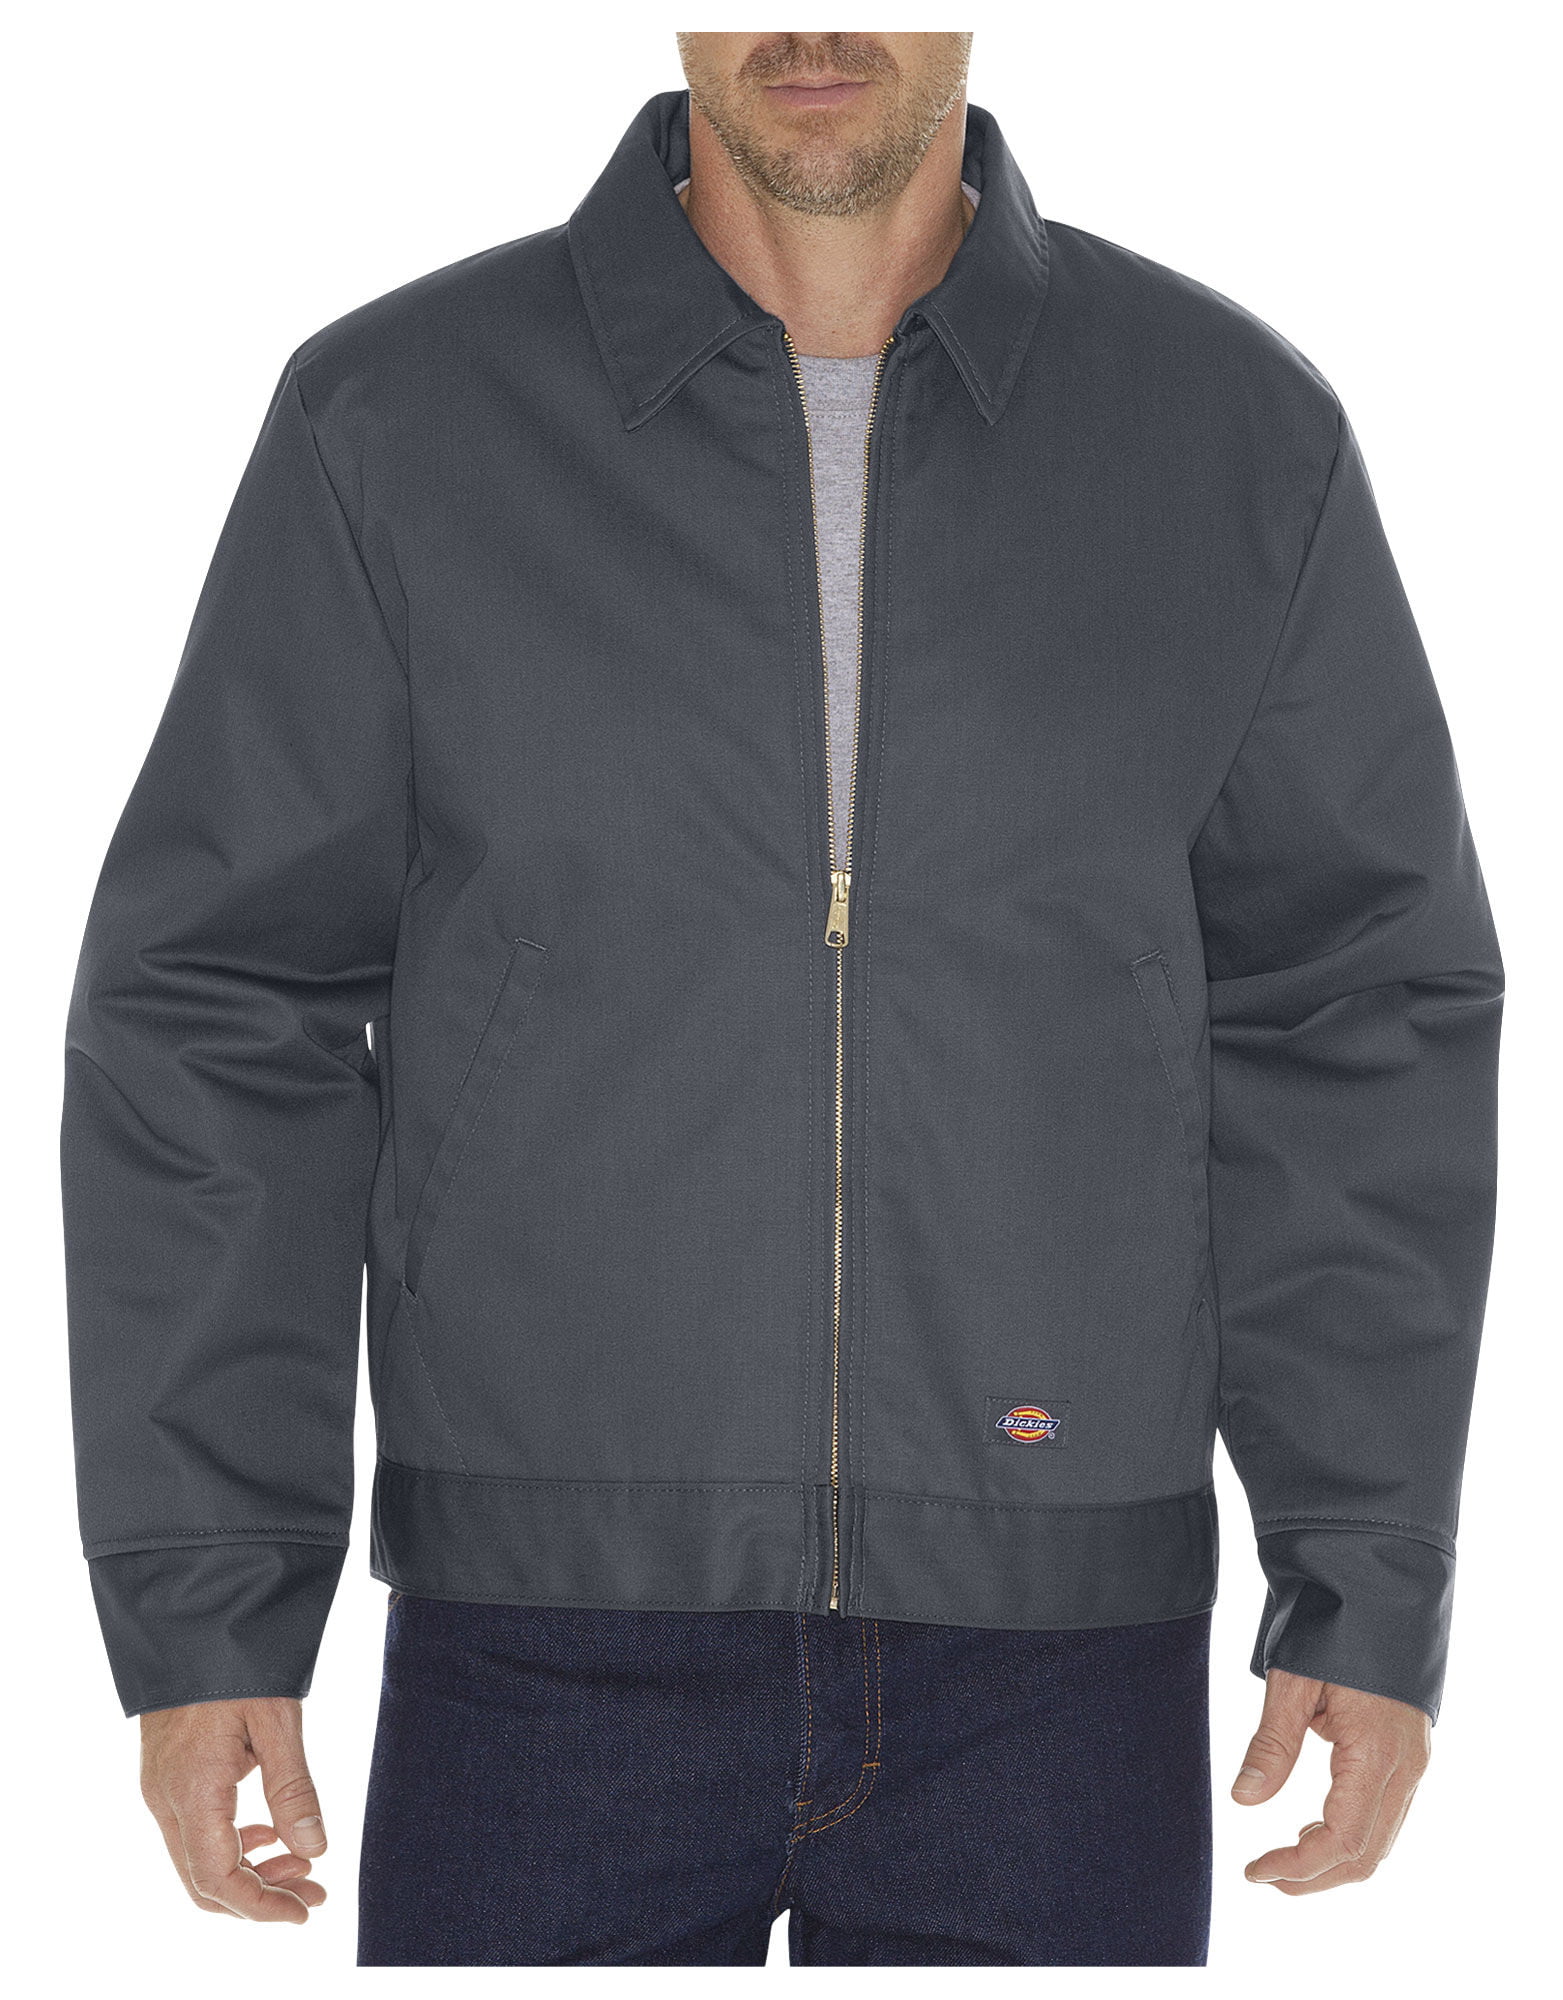 Dickies - Mens Insulated Eisenhower Jacket, Charcoal - 2X RG - Walmart.com
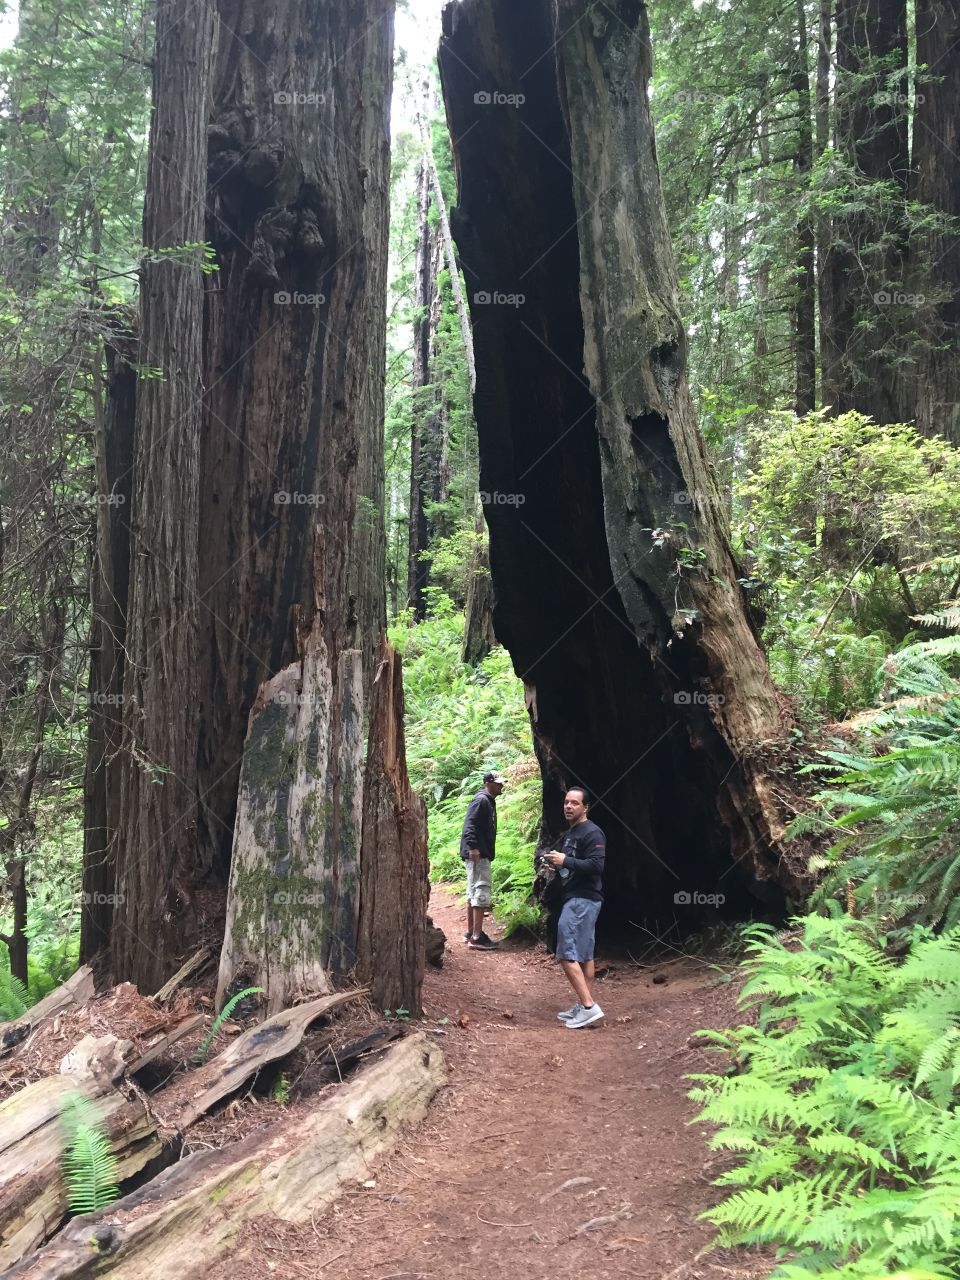 Redwood forest 
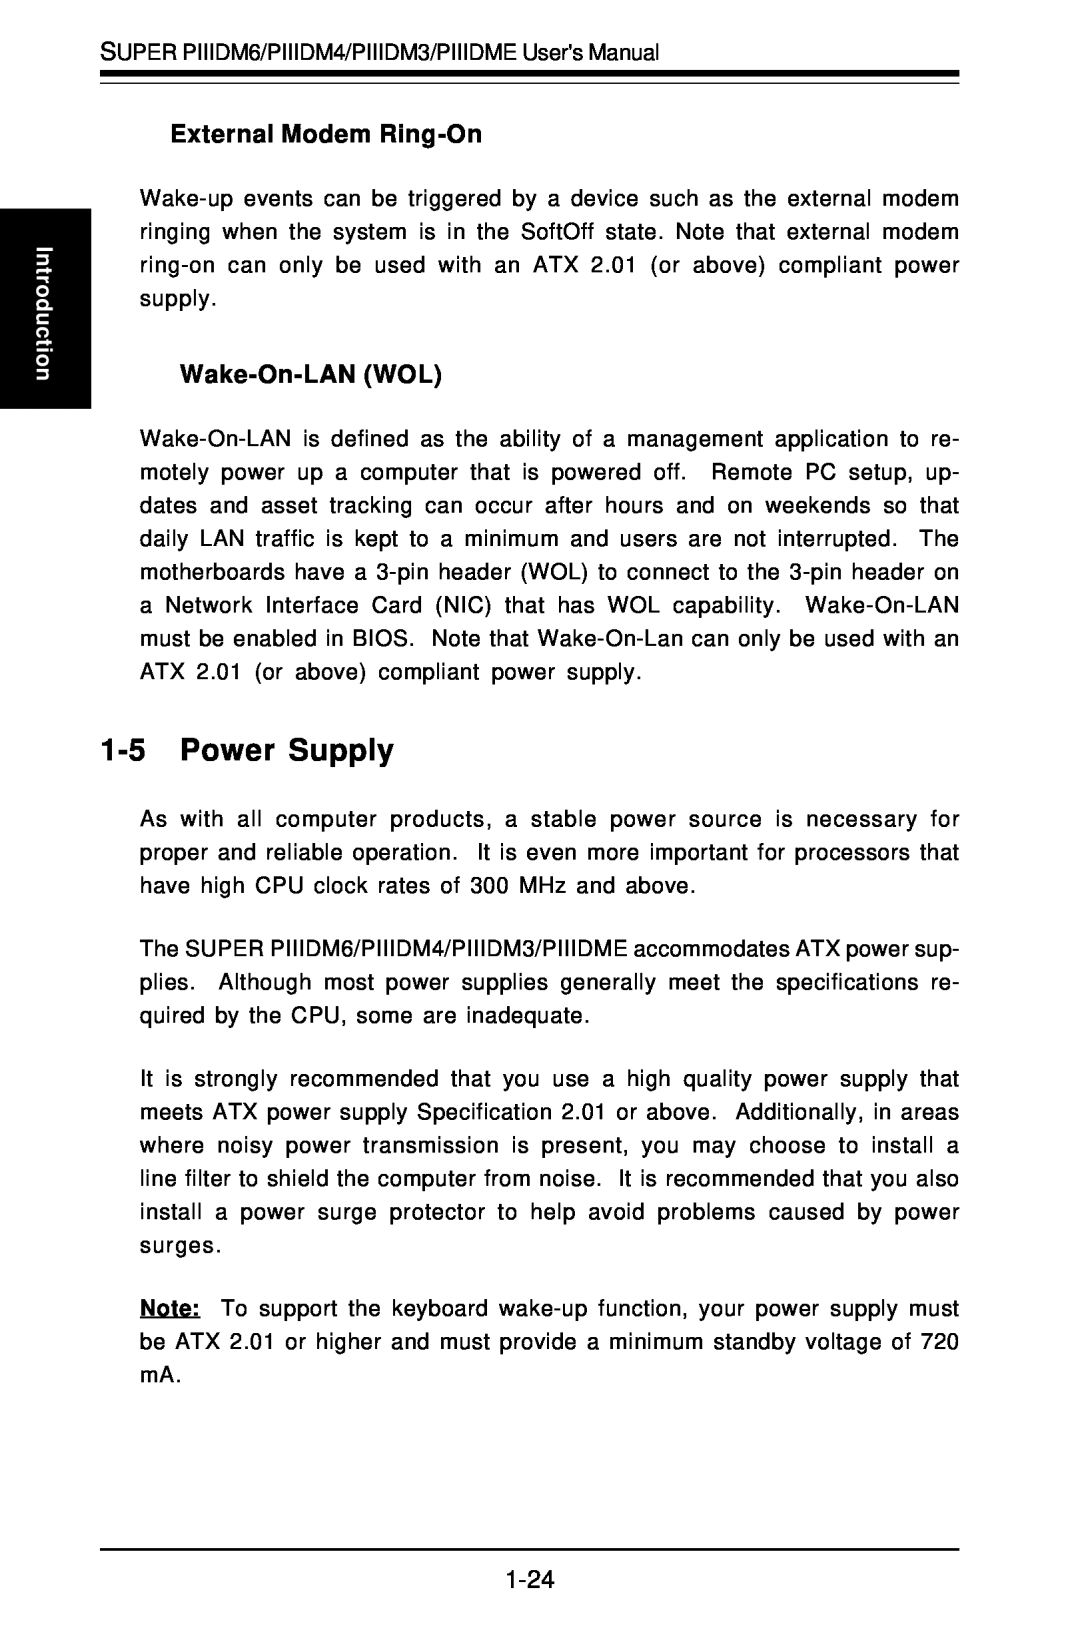 SUPER MICRO Computer Super PIIIDM3, Super PIIIDME Power Supply, External Modem Ring-On, Wake-On-LAN WOL, Introduction

____

■ WHAT THIS TASK INVOLVES: Write the material out again exactly as it appears, dropping the pictures.

■ COMPLETED EXERCISE:
 Dickies - Mens Insulated Eisenhower Jacket, Charcoal - 2X RG - Walmart.com
 Redwood forest 
 SUPER MICRO Computer Super PIIIDM3, Super PIIIDME Power Supply, External Modem Ring-On, Wake-On-LAN WOL, Introduction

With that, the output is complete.